Overall, even if it’s legal to fish with goldfish, it does not seem worth it.  It may be only slightly better to fish with dead goldfish.  In fact, Florida, North Dakota and West Virginia only permit goldfish as bait if they are dead.

What type of fish eat goldfish

For those of you who live in states that allow the use of goldfish as bait, you may be wondering what kind of fish are readily fooled into striking dime-store goldfish.

Well, pretty much any fish that preys on baitfish populations can be caught with goldfish.  Most goldfish are 2 to 3 inches long so large predatory fish are fair game.  

Here are the most popular species to target:

  • Bass (large and smallmouth)
  • Catfish
  • Crappie
  • Trout
  • Walleye

Bait alternatives

There are plenty of alternatives to using goldfish as bait that catch fish just as well, if not better.  Take the time to improve your skills with other lures and bait options and you will out fish anyone else who uses goldfish.

Here are some of our favorite baits that outperform goldfish and will save you the hassle of bringing your pet to the lake.


Yep, the classic nightcrawler is the quintessential bait for catching all manners of fish.  It has been for generations and for good reason.  It never fails to catch loads of fish.  Almost every species (freshwater or saltwater) can be caught with worms.  

Use them under a bobber or tip the hook of your favorite lure with a worm to add some scent.  It is a fool proof bait and our first choice over goldfish any day.  To collect your own, read our popular article on Catching Nightcrawlers.
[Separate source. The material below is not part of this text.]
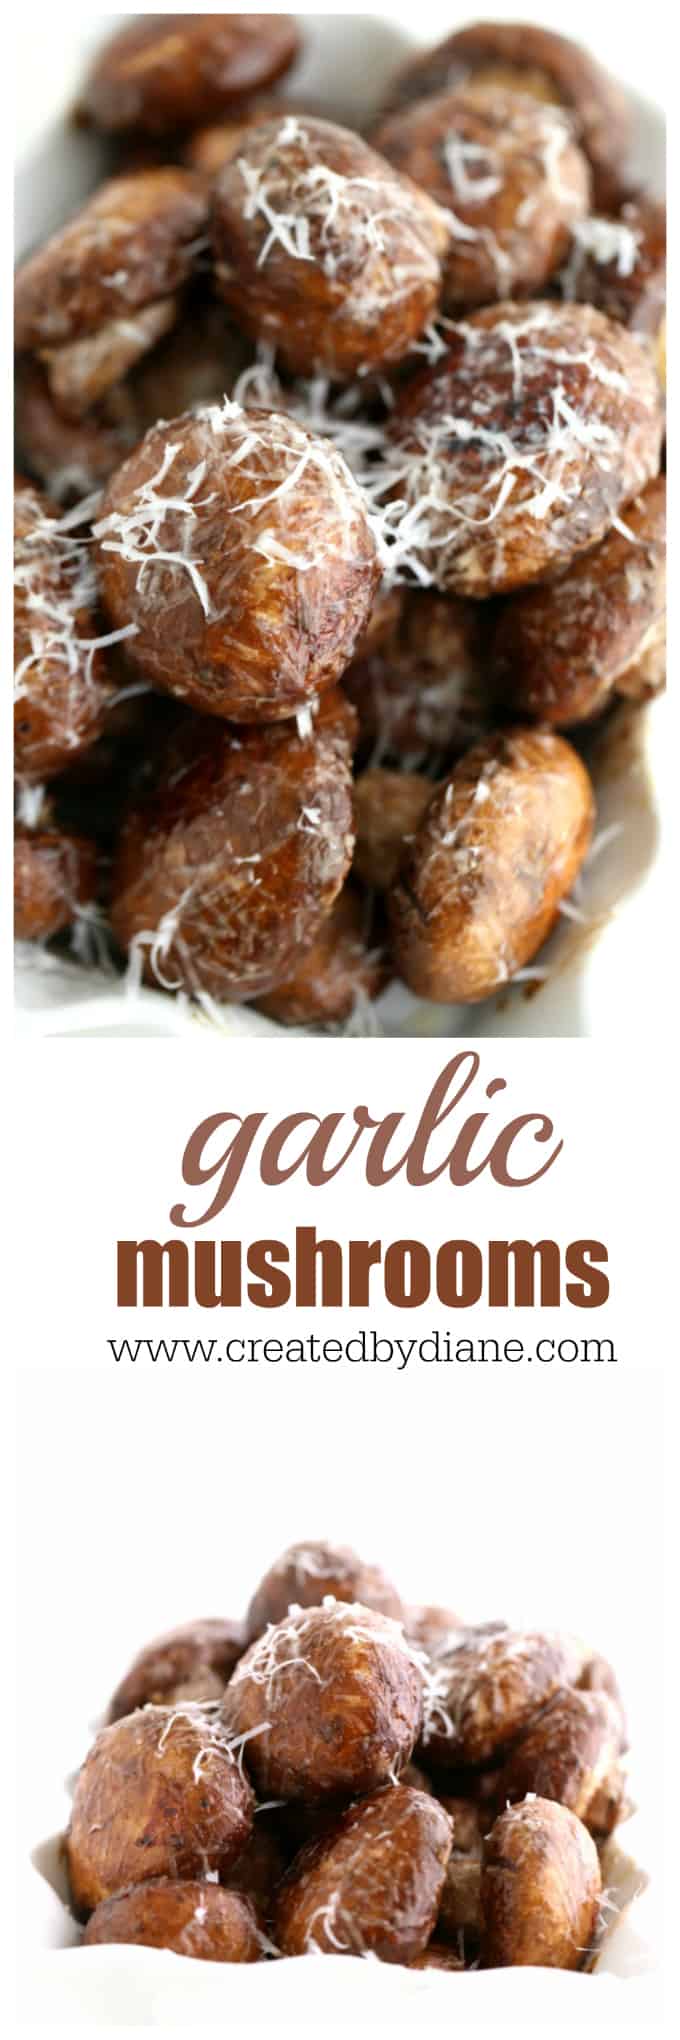 garlic mushrooms, low carb, gluten free, healthy, diet food, www.createdbydiane.com
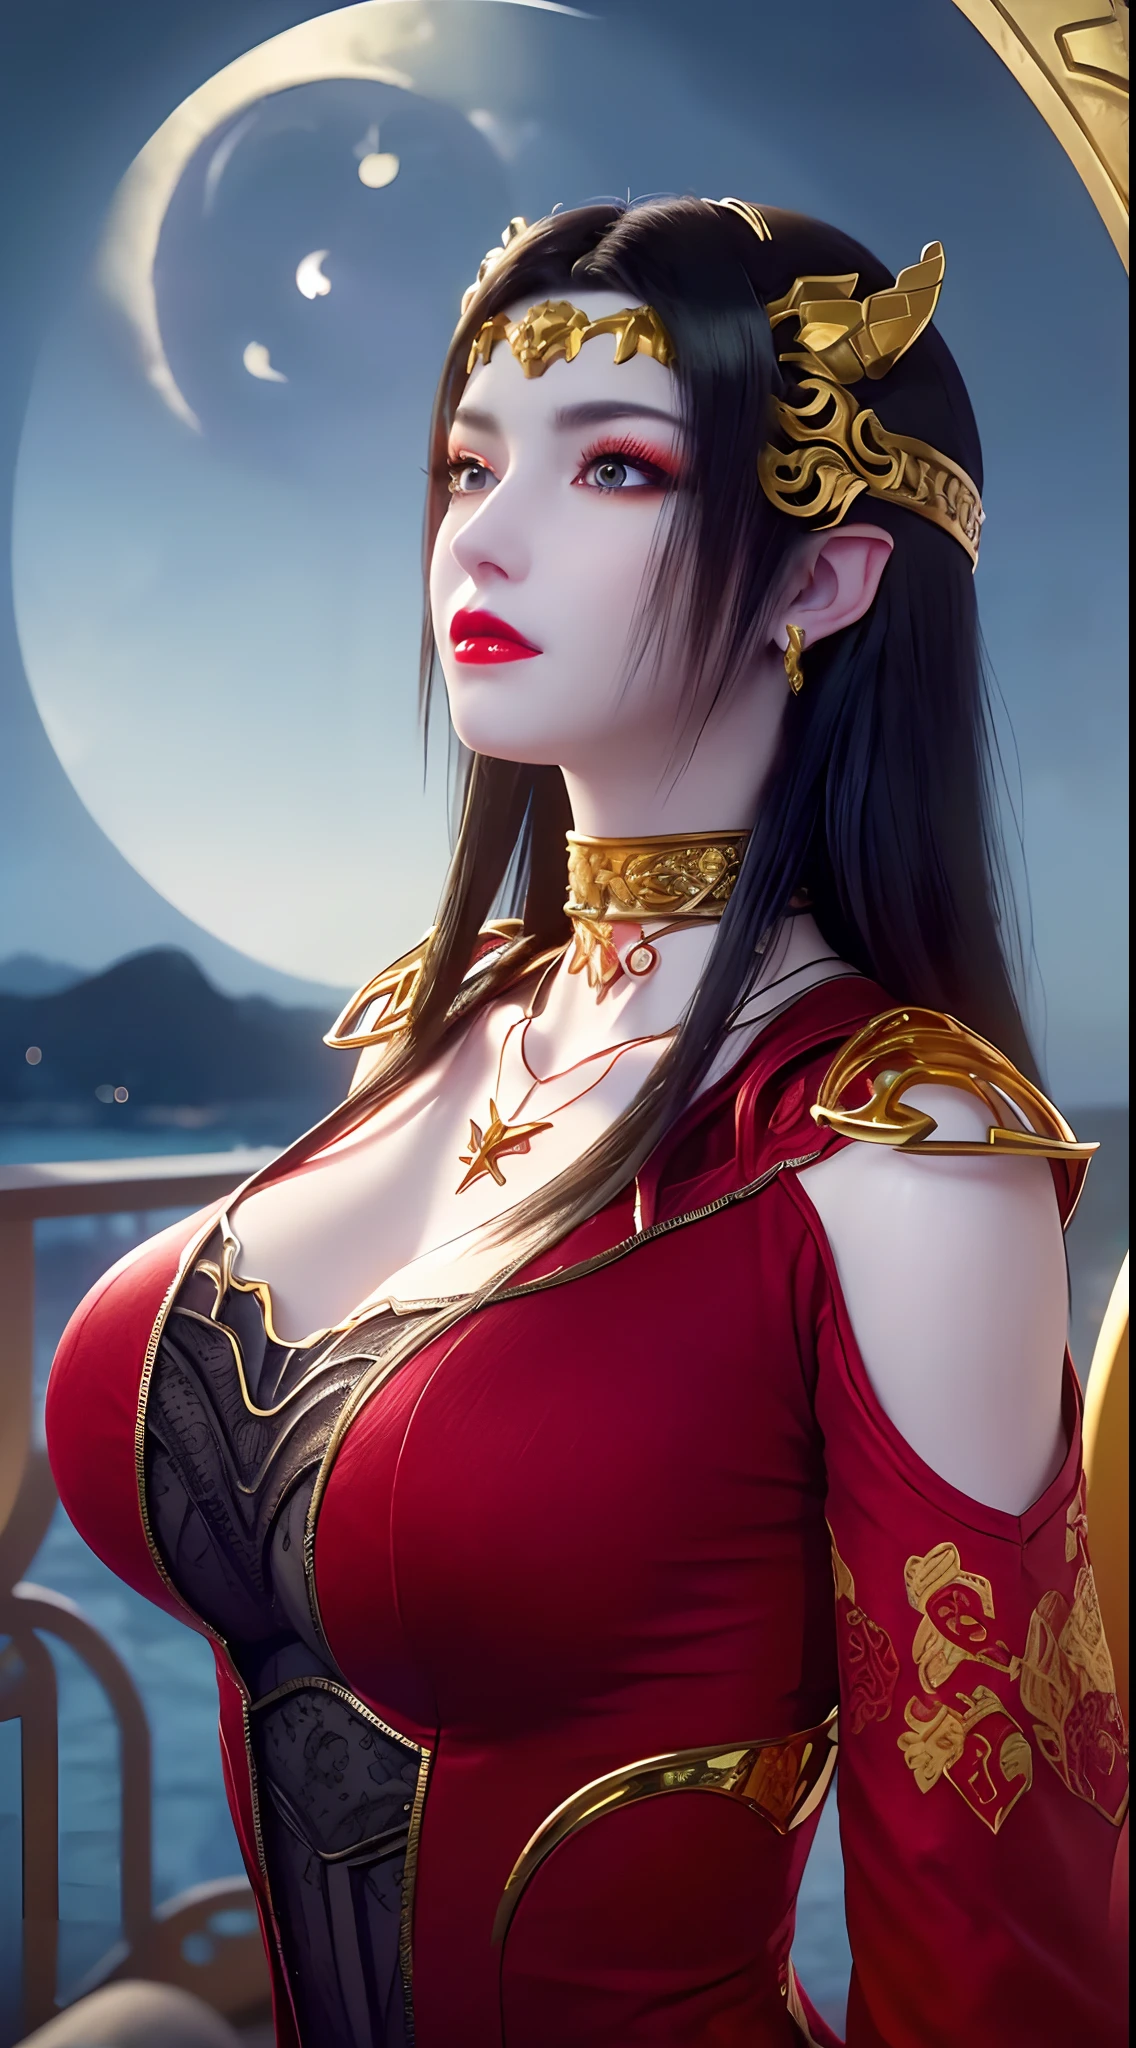 1 reina extremadamente hermosa, ((Viste un traje tradicional Han rojo con finos patrones negros.:1.6)), (((Patrones en la ropa:1.6))), ((pelo largo y negro:1.6)), joyas elaboradamente hechas de piedras preciosas y cabello hermoso, ((usando un collar de encaje de oro de 24k:1.4))), El noble, estilo noble de una chica extremadamente hermosa, su carita es super linda, Su cara es muy bonita, cejas finas, cara hermosa e impecable, ((pupilas de ojos morados: 0.8)), ojos muy hermosos, ((ojos azul platino: 1.6)), (((grandes ojos redondos:1.6))), Bonito maquillaje y pestañas detalladas en el cabello., maquillaje de ojos humeante, Nariz alta, pendientes, labios rojos, ((boca cerrada: 1.5)) hermosos labios, manos delgadas, muslos más hermosos, ((brazos extendidos a los lados: 1.5)), cara sonrosada, cara limpia, cara hermosa e impecable, piel blanca y suave, (pechos grandes: 1.5)), ((pechos altos: 1.6)), pechos apretados, hermoso escote, (((pechos grandes and super round: 1.8))), ((super pechos apretados: 1.7)) , Hermosos pechos, cuerpo perfecto, brazos traseros, pecho afuera, medias finas de malla negra con ribete de encaje negro, foto 8k, super alta calidad, Súper realista, súper 10x píxeles, óptico, Estudio luminoso, bordes brillantes, dual-tone Encendiendo, (piel con mucho detalle:1.2), super 8k, soft Encendiendo, alta calidad, volumetric Encendiendo, Fotorrealista, Fotorrealista high resolution, Encendiendo, Mejor foto, 4k, calidad 8k, Efecto de desenfoque, Suave y afilado, 10 x píxeles, ((mar y luz de la luna en el fondo de la noche:1.5)), Aurora, iluminación, súper gráficos realistas, gráficos más realistas, 1 chica, alone, solo, Imagen extremadamente nítida, surreal, (((retrato frontal: 1)))."

A close runner up to worms and the ideal choice for stocked trout anglers.  A multitude of colors, scents and styles help you find what works on any day of the week. 

Floating dough bait varieties are perfect for a Carolina rig style of fishing that keeps your bait right in the strike zone of cruising trout.


One of the cheapest and most effective baits you can find.  Corn is perfect for trout, panfish and kokanee.  It comes dye-cured with enticing scents or you can use regular canned corn.  Either way, plenty of fish will take the bait.  Some anglers chum with corn as well.

Want to see if fishing and chumming with corn is legal where you live?  Read our article about fishing with corn to learn everything you need to know.

Preserved emerald shiners

Live minnows are a challenge to keep fresh and lively.  Leave those difficulties behind and consider using preserved salted shiners.  They are great when jigging for walleye in  early spring and chunky smallmouth bass gobble them up.  Our only issue with them is their longevity on a hook.  The soft bodies fall apart after one or two fish strikes.

Goldfish imitations

Still convinced that goldfish are the hot ticket?  Try goldfish imitation lures.  You can find plenty of choices on Amazon and Al’s Original Goldfish Spoon is an excellent trout lure in both lakes and rivers.


Regardless of the laws, you should always think about the impacts of your bait choices.  Goldfish may seem like a great option but they pose a real danger to our favorite game fish fisheries.  

Use goldfish only where legal and when all else fails.  We recommend not using them at all but that is our opinion.  It’s just not worth the risk of introducing invasive species.  

There are loads of other bait options that work just as well, if not better, and you don’t have to worry about causing problems.  Remember, always check your local fishing regulations before using any type of bait.